If track is unable to locate the shape, it must return None.

track may modify state as needed to improve prediction accuracy on subsequent frames. It must not modify pp_image.

A TrackingFunctionShapeContext object passed to both init_tracking_state and track will have the following field:

original_shape_type (str). The type of the shape being tracked. In init_tracking_state, this is the same as shape.type. In track, this is the type of the shape that state was created from.

preprocess_image, if implemented, must accept the following parameters:

context (TrackingFunctionContext). This is currently a dummy object and should be ignored.
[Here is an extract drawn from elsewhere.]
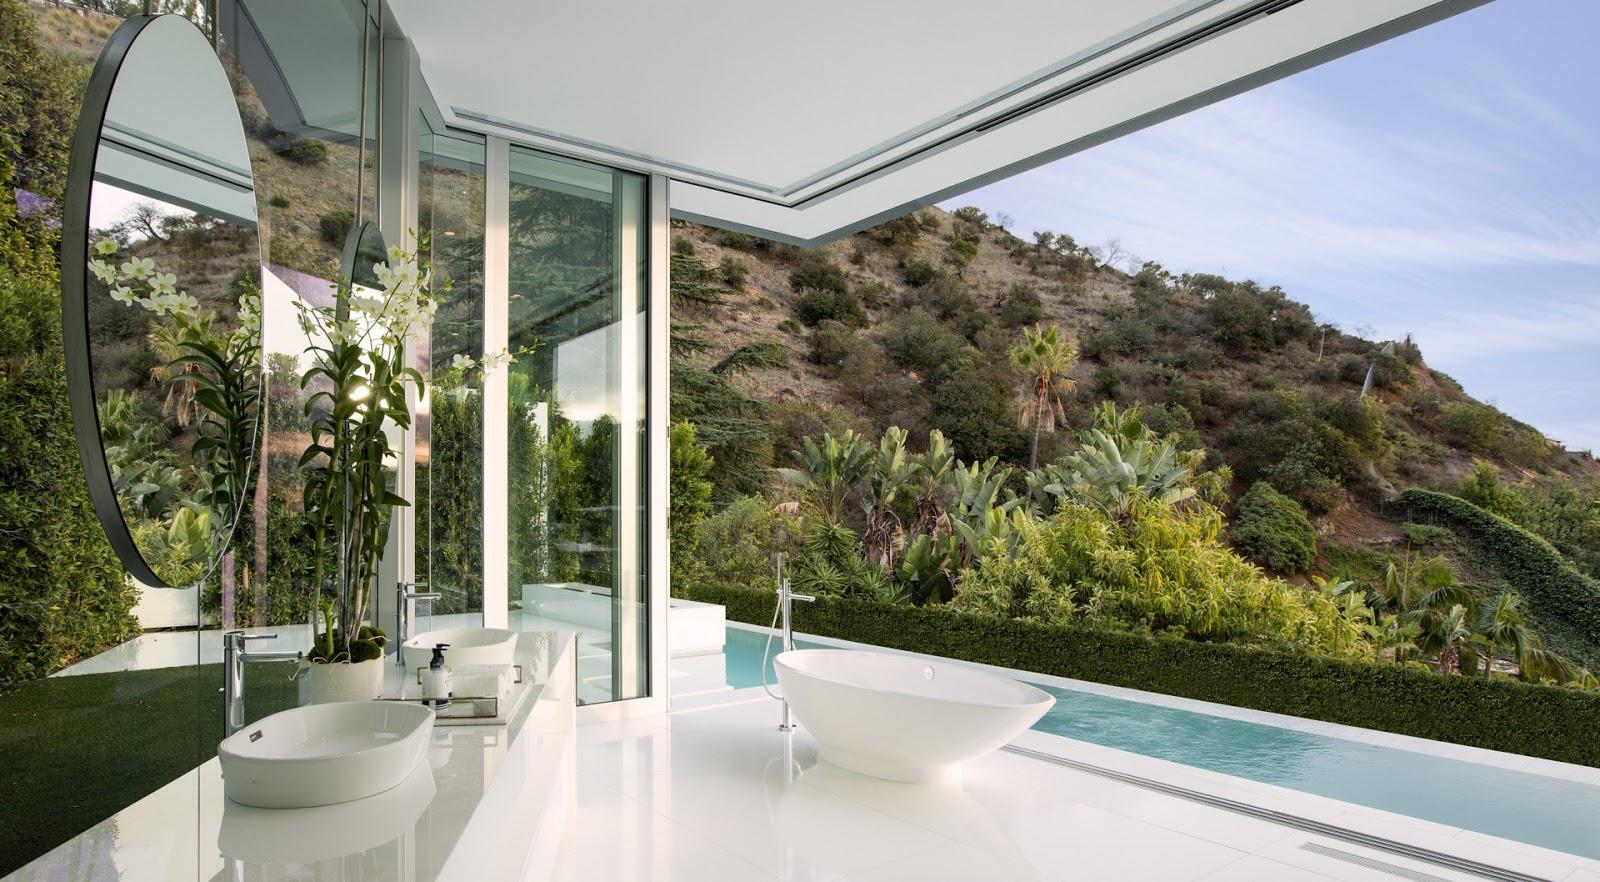 Blog de Decoração e Arquitetura : 3 Banheiros com paredes de vidro  #6C6A3D 1600x882 Banheiro Com Parede De Vidro Para O Quarto

In future versions, this may contain additional information.
image (PIL.Image.Image). An image that will be used to either start or continue tracking.
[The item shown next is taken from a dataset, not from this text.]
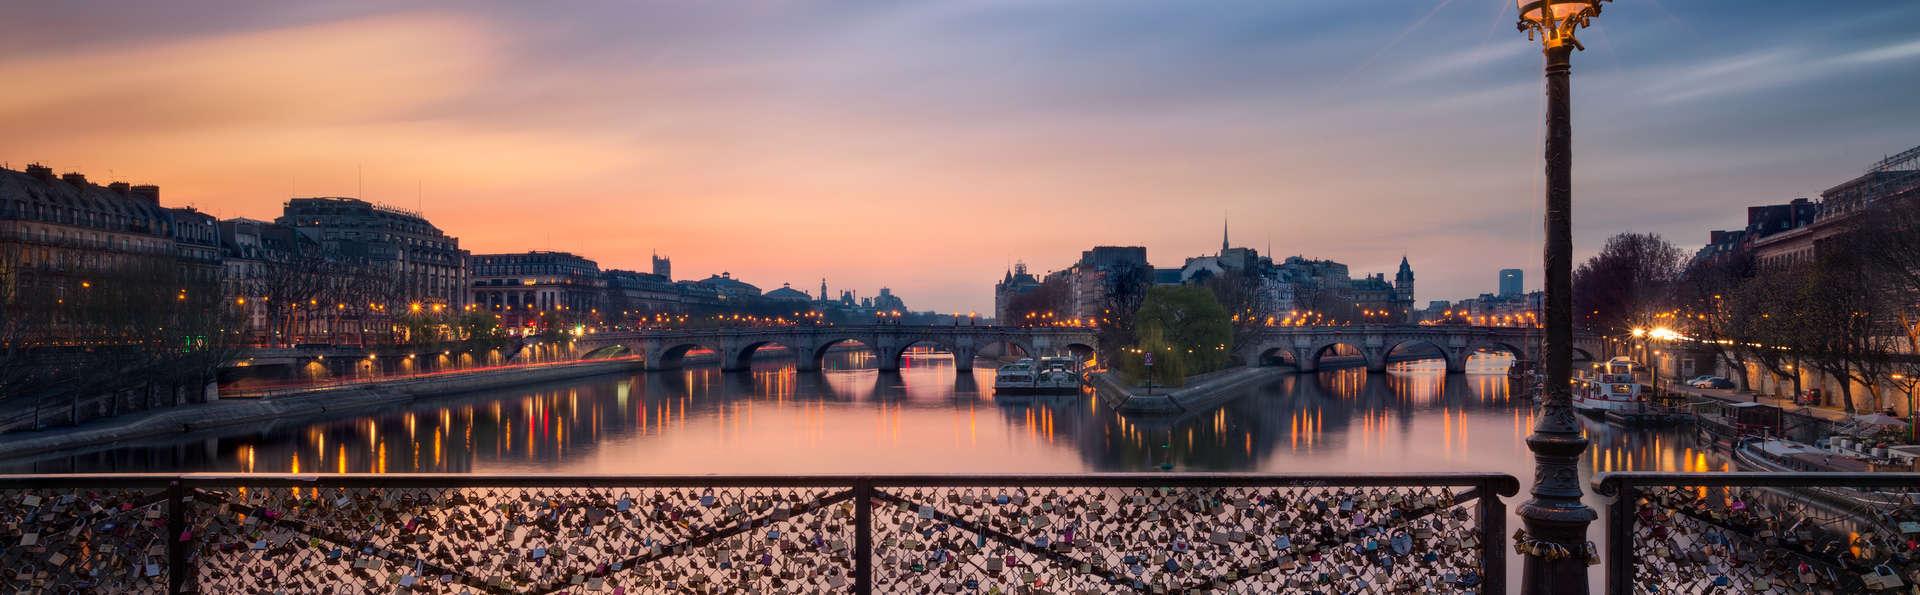 Romance poétique avec macarons en chambre au cœur de Paris

preprocess_image must perform any analysis on the image that the function can perform independently of the shapes being tracked and return an object representing the results of that analysis. This object will be passed as pp_image to init_tracking_state and track.
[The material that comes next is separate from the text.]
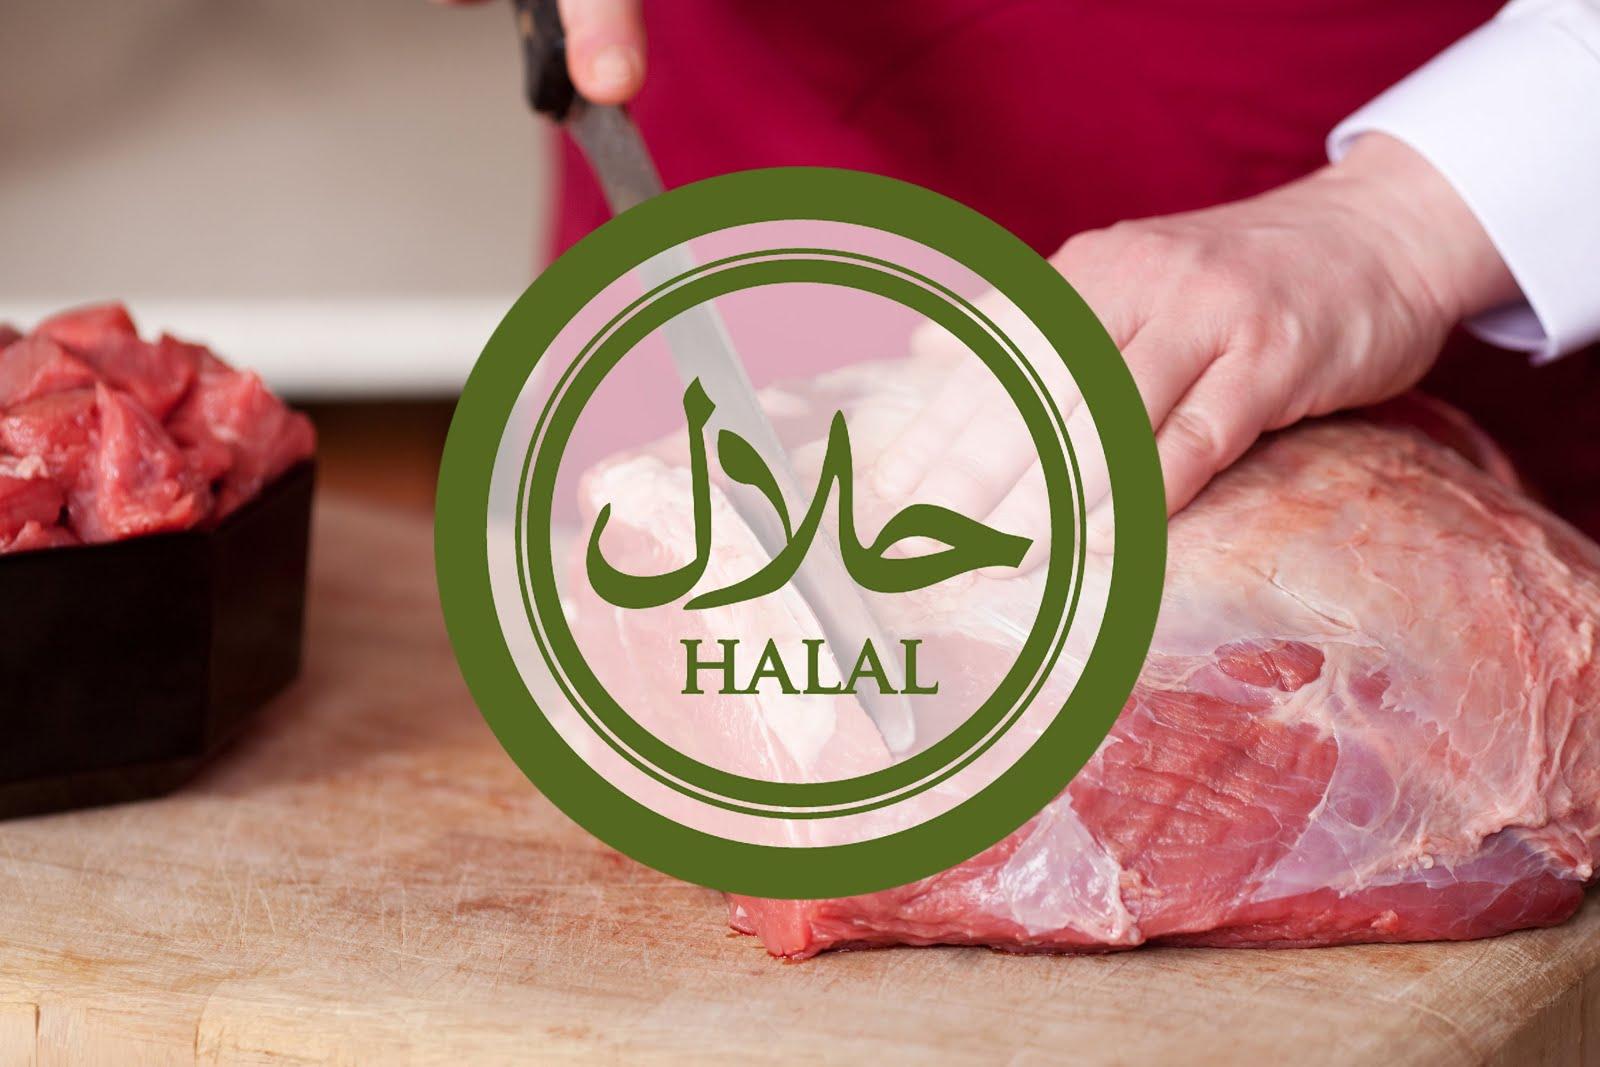 HALAL BEEF AND LAMB

If preprocess_image is not implemented, then the pp_image object will be the original image. In other words, the default implementation is:

def preprocess_image(context, image):
    return image

Auto-annotation driver

The annotate_task function uses a detection function to annotate a CVAT task. It must be called as follows:

annotate_task(<client>, <task ID>, <AA function>, <optional arguments...>)

The supplied client will be used to make all API calls.

By default, new annotations will be appended to the old ones. Use clear_existing=True to remove old annotations instead.

If a detection function declares a label that has no matching label in the task, then by default, BadFunctionError is raised, and auto-annotation is aborted. If you use allow_unmatched_label=True, then such labels will be ignored, and any shapes referring to them will be dropped. Same logic applies to sublabels and attributes.

It’s possible to pass a custom confidence threshold to the function via the conf_threshold parameter.

annotate_task will raise a BadFunctionError exception if it detects that the function violated the detection function protocol.

Predefined AA functions

This layer includes several predefined detection functions. You can use them as-is, or as a base on which to build your own.

Each function is implemented as a module to allow usage via the CLI auto-annotate command. Therefore, in order to use it from the SDK, you’ll need to import the corresponding module.

`cvat_sdk.auto_annotation.functions.torchvision_detection`

This AA function uses object detection models from the torchvision library. It produces rectangle annotations.

To use it, install CVAT SDK with the pytorch extra:

$ pip install "cvat-sdk[pytorch]"

Usage from Python:

from cvat_sdk.auto_annotation.functions.torchvision_detection import create as create_torchvision
annotate_task(<client>, <task ID>, create_torchvision(<model name>, ...))

Usage from the CLI:

cvat-cli auto-annotate "<task ID>" --function-module cvat_sdk.auto_annotation.functions.torchvision_detection \
      -p model_name=str:"<model name>" ...

The create function accepts the following parameters:

model_name (str) - the name of the model, such as fasterrcnn_resnet50_fpn_v2. This parameter is required.
weights_name (str) - the name of a weights enum value for the model, such as COCO_V1. Defaults to DEFAULT.

It also accepts arbitrary additional parameters, which are passed directly to the model constructor.

`cvat_sdk.auto_annotation.functions.torchvision_instance_segmentation`

This AA function is analogous to torchvision_detection, except it uses torchvision’s instance segmentation models and produces mask or polygon annotations (depending on the value of conv_mask_to_poly).

Refer to that function’s description for usage instructions and parameter information.

`cvat_sdk.auto_annotation.functions.torchvision_keypoint_detection`

This AA function is analogous to torchvision_detection, except it uses torchvision’s keypoint detection models and produces skeleton annotations. Keypoints which the model marks as invisible will be marked as occluded in CVAT.

Refer to that function’s description for usage instructions and parameter information.